• Task description
Apart from the pictures, write out all the records exactly.
[Given entries]
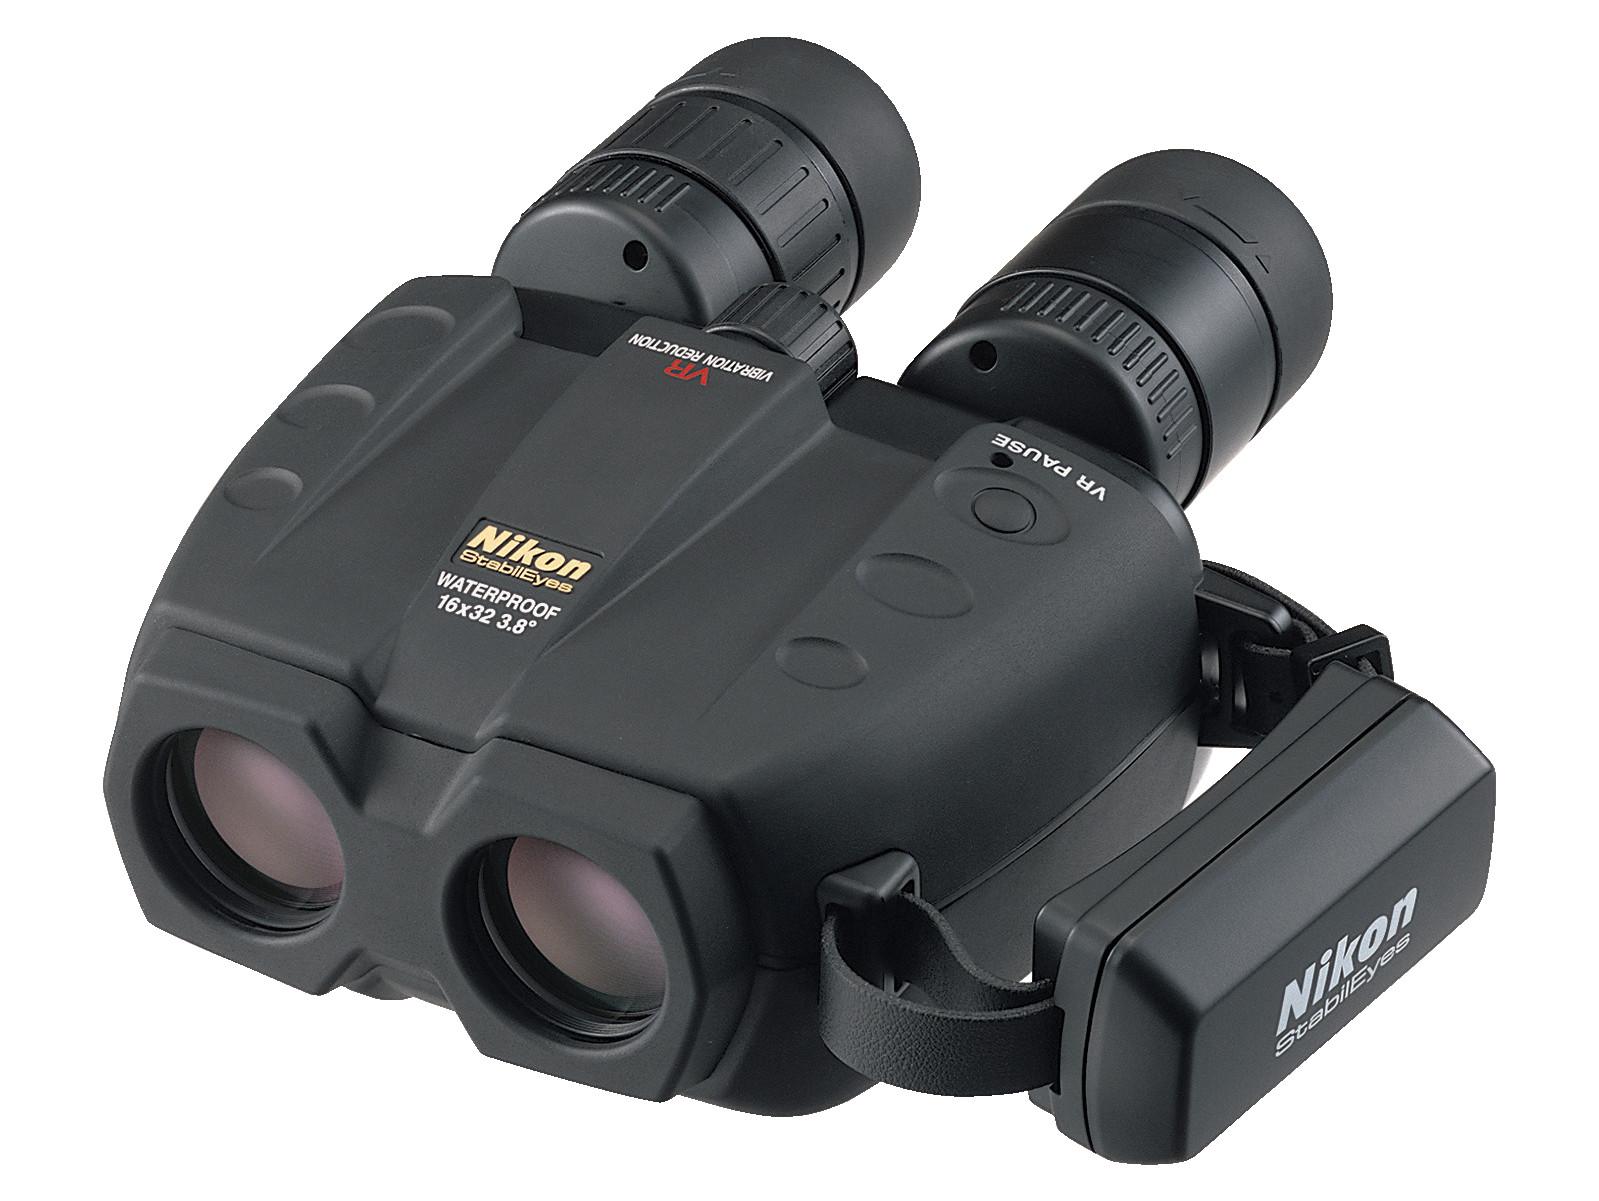 StabilEyes 16X32 避震型望遠鏡 雙筒望遠鏡/單眼鏡-高眼點設計
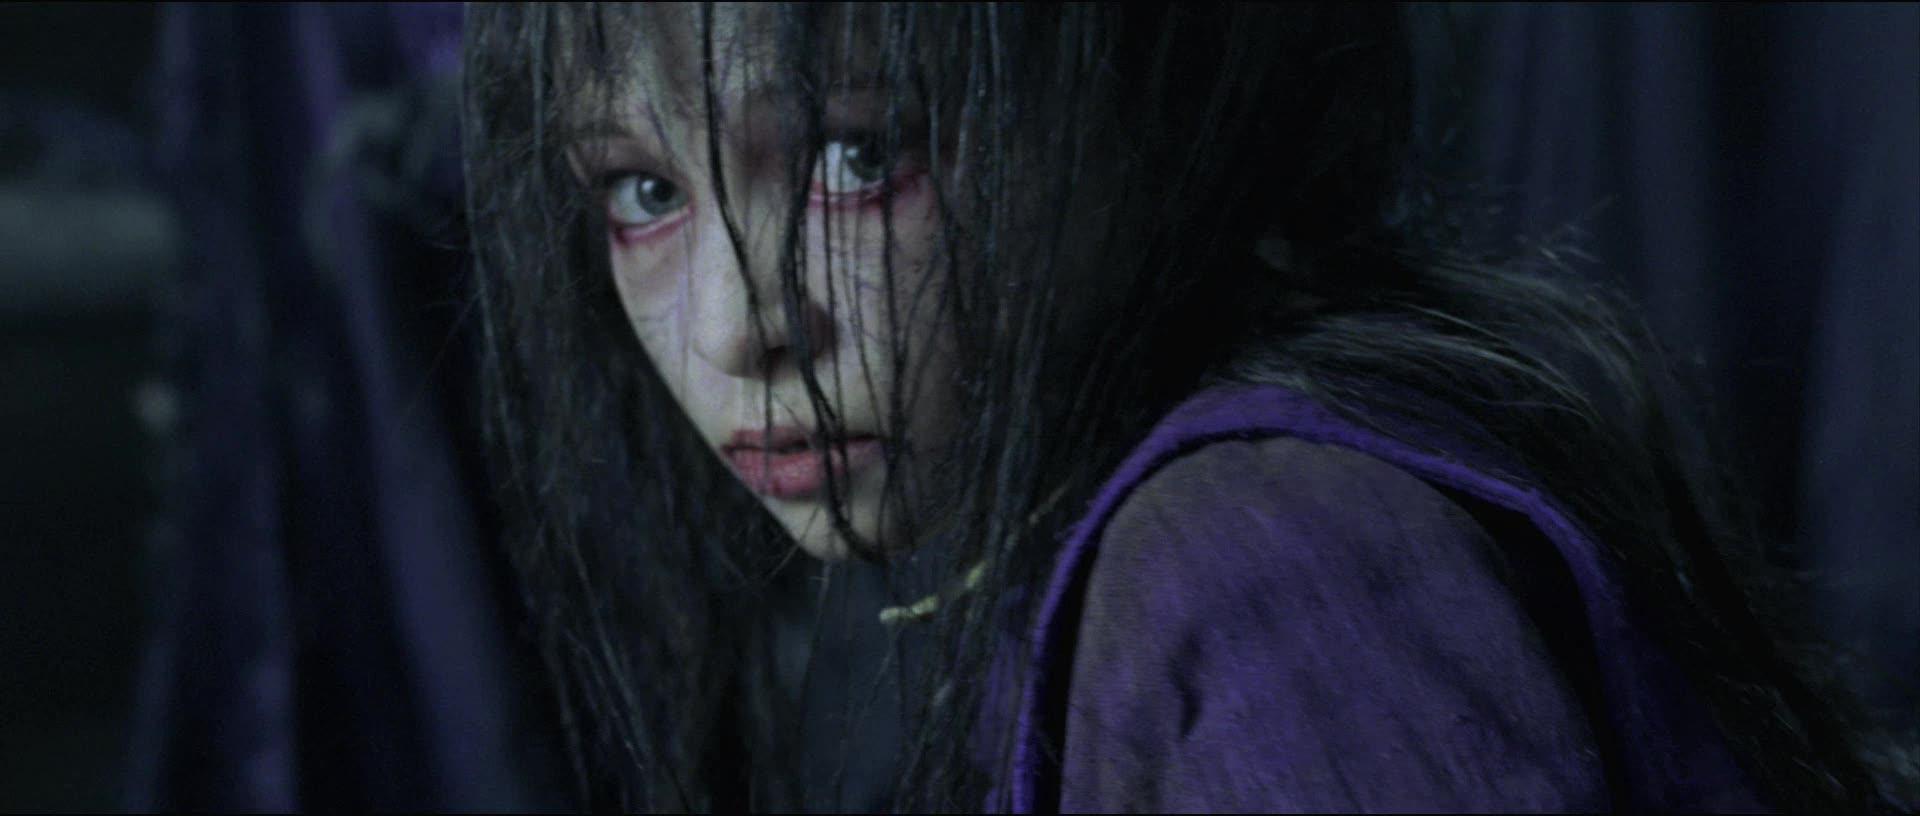 Jodelle Ferland v Silent Hill
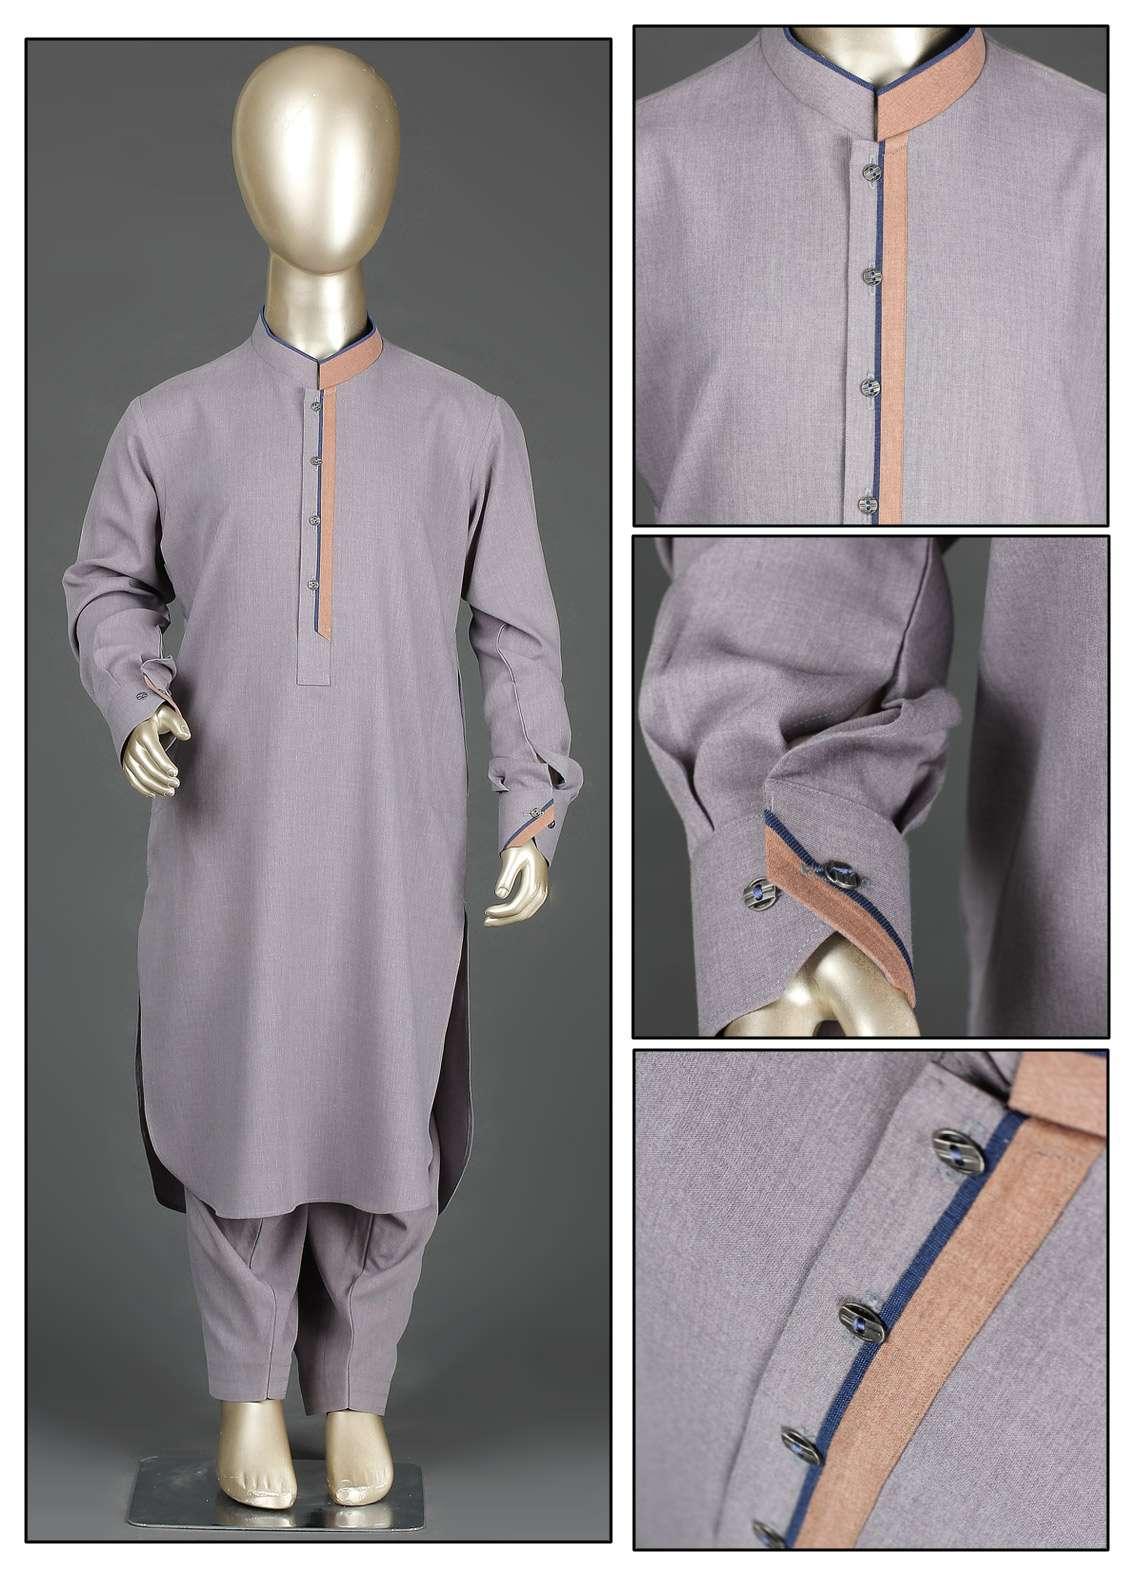 Aizaz Zafar Wash N Wear Formal Boys Kameez Shalwar - AZ19B 222 Move
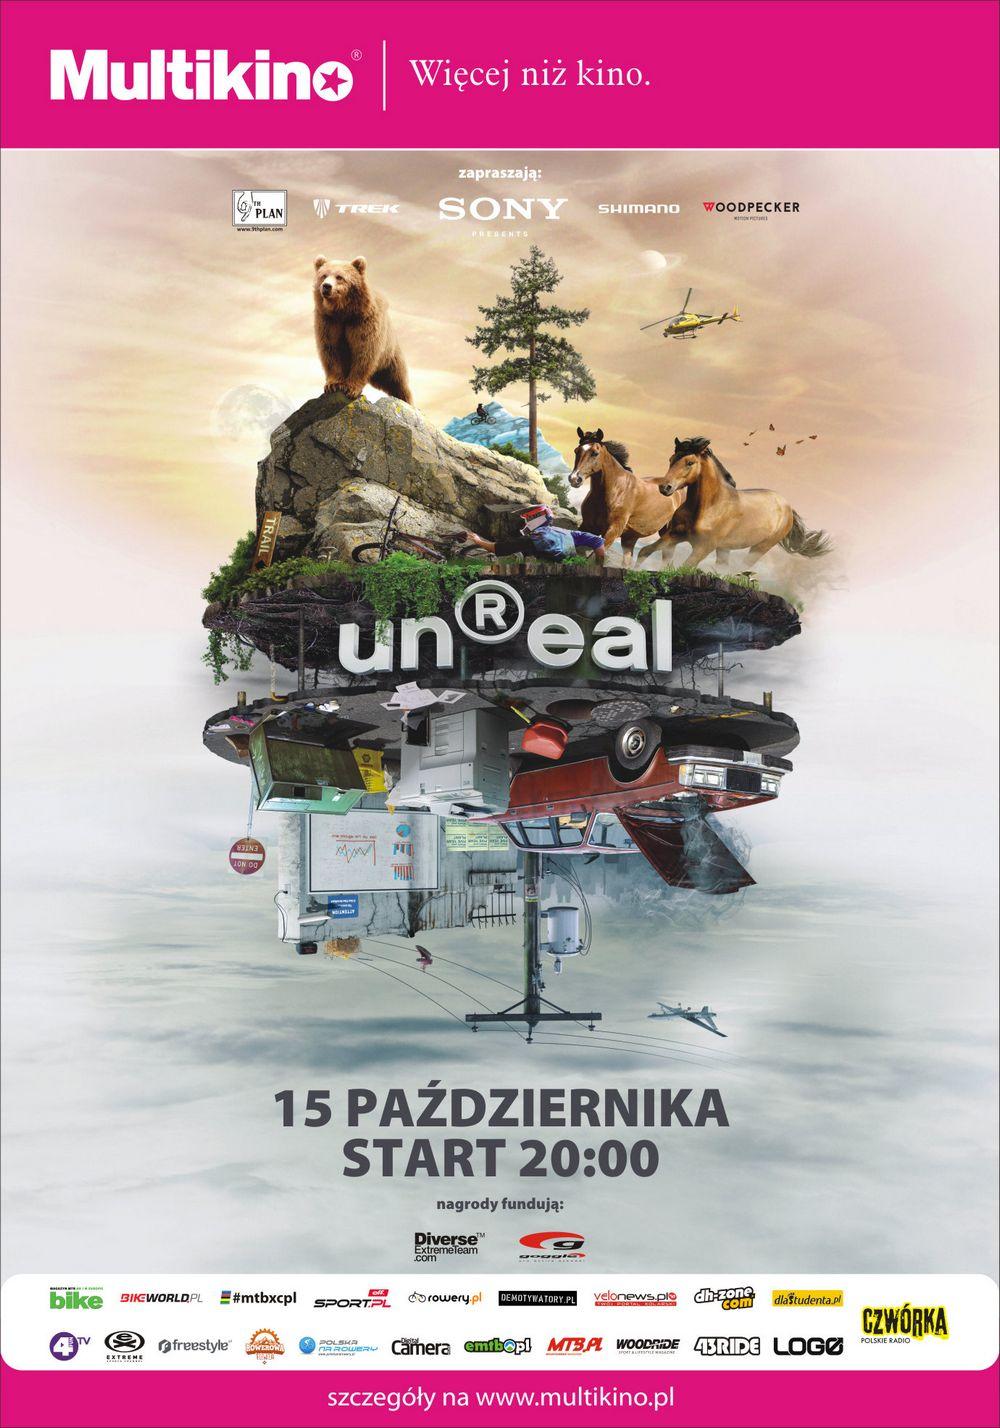 unReal - największe wydarzenie rowerowe roku 15 października tylko w Multikinie!
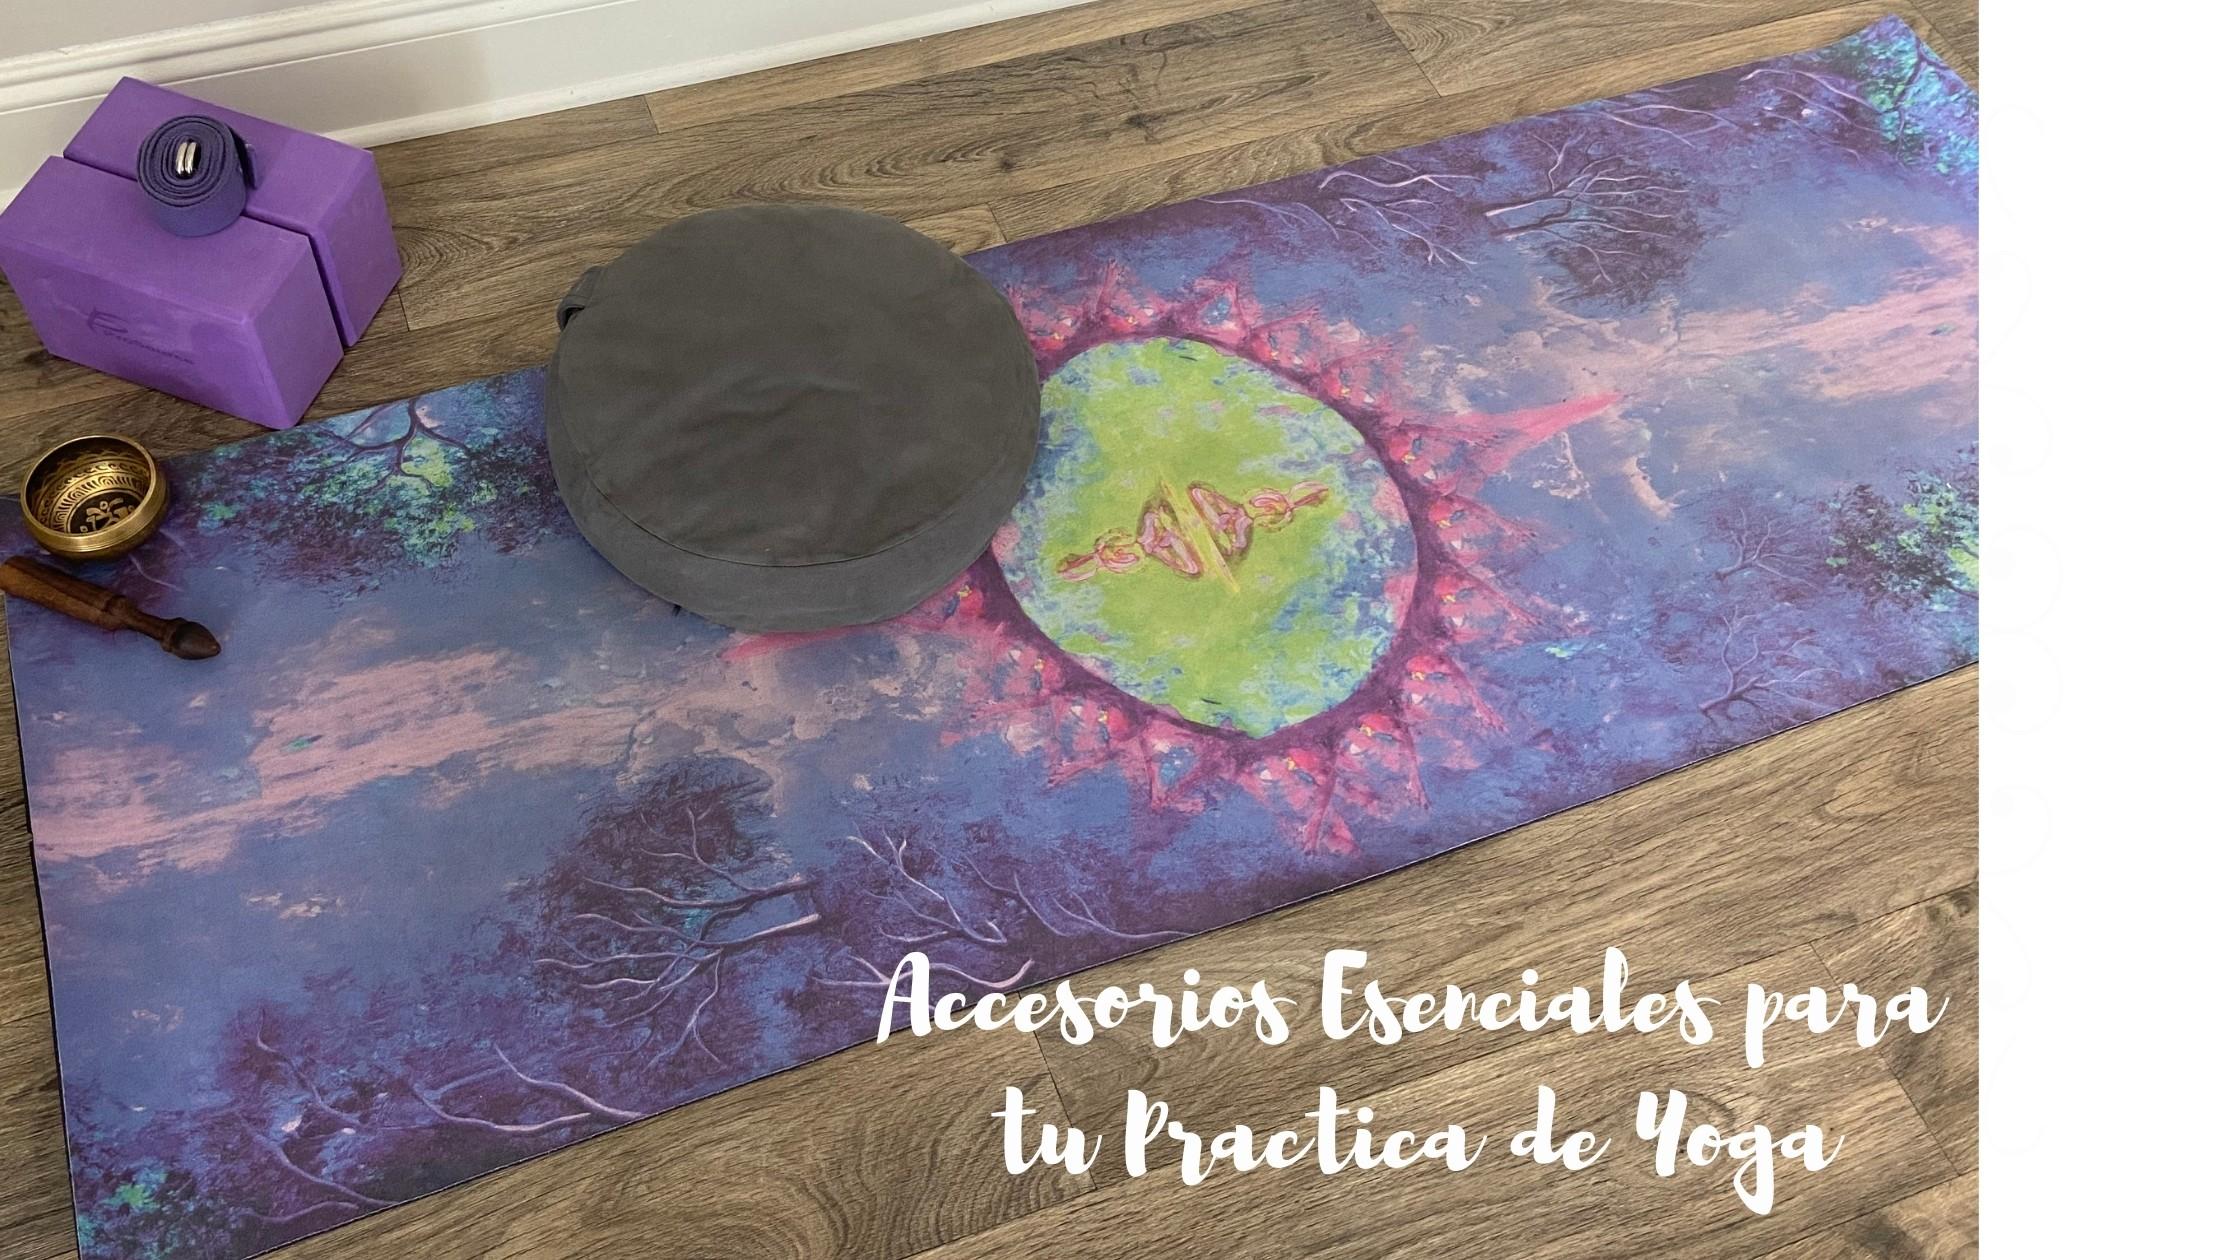 accesorios esenciales para tu pratica de yoga JimenaTobonYoga
[/Given entries]
• Written response
 StabilEyes 16X32 避震型望遠鏡 雙筒望遠鏡/單眼鏡-高眼點設計
 Jodelle Ferland v Silent Hill
 Aizaz Zafar Wash N Wear Formal Boys Kameez Shalwar - AZ19B 222 Move
 unReal - największe wydarzenie rowerowe roku 15 października tylko w Multikinie!
 accesorios esenciales para tu pratica de yoga JimenaTobonYoga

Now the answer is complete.